Despite the fact that the state of Tennessee has preempted municipal government from setting the minimum wage for all employers in its jurisdiction, Shelby County took action in November 2018 to approve an increase in the minimum wage for all county employees, including temporary workers, to $15 an hour. The raise went into effect on January 1, 2019. Nashville Mayor Lee Harris emphasized the importance of the resolution applying to temporary workers, not just full-time employees, to ensure livable wages for as many people as possible. As Tennessee’s largest county, this was an important step towards economic justice for the maximum number of employees the county could still impact.

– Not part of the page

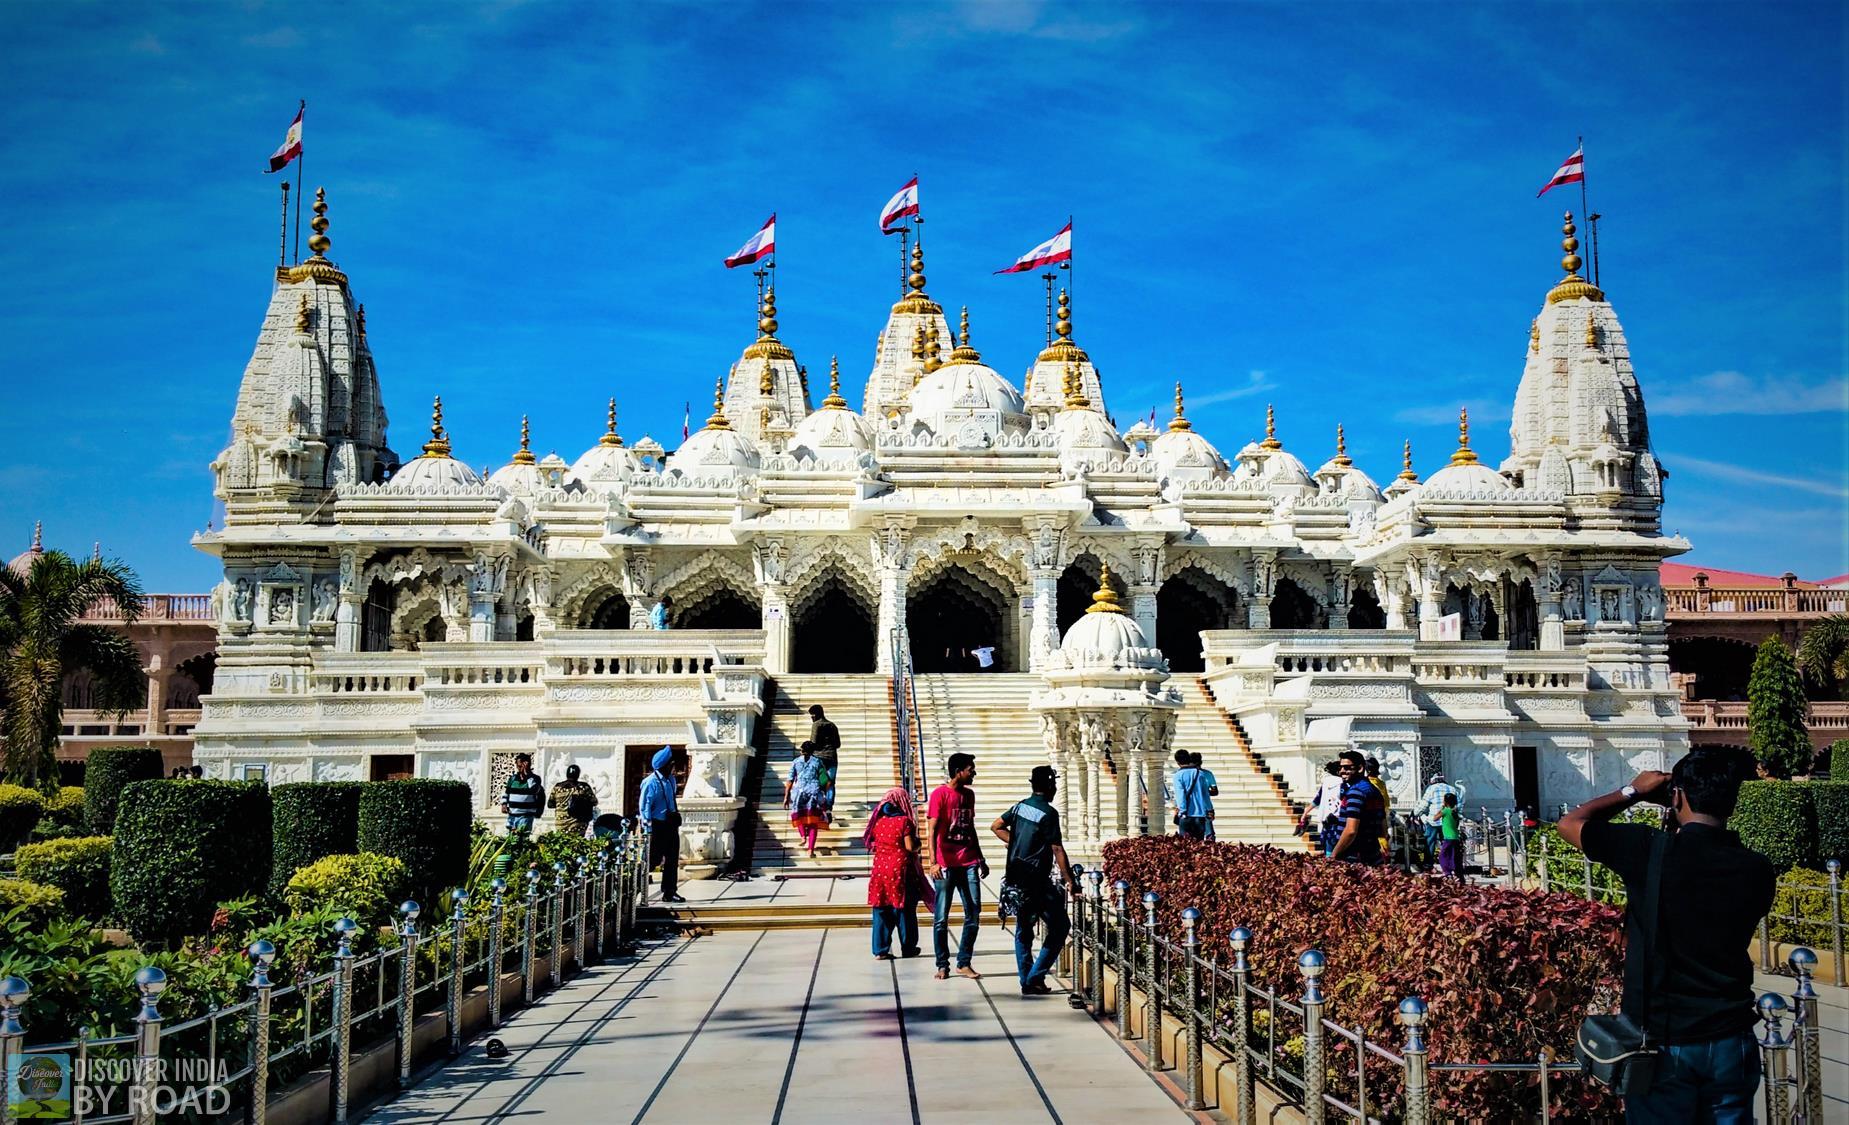 Bhuj Main Swaminarayan temple day time view

The New York City Department of Health and Mental Hygiene partnered with local activists, non-profit organizations, and community leaders to create the Sexual and Reproductive Justice Community Engagement Group (SRJ CEG) in 2015. The goal of the SRJ CEG was to develop joint projects with the Bureau of Maternal, Infant and Reproductive Health. Among its accomplishments, the SRJ CEG developed the “NYC Standards for Respectful Care at Birth,” a birth justice campaign created to inform, educate, and support people giving birth. The campaign featured posters and brochures in multiple languages for patients and providers, the establishment of a Birth Justice Defenders program of community members, and initial trainings for medical providers in respectful care during pregnancy and birth. The initiative is part of the city’s attempt to reduce racial disparities in maternal mortality by working to reduce structural racism and unconscious provider bias.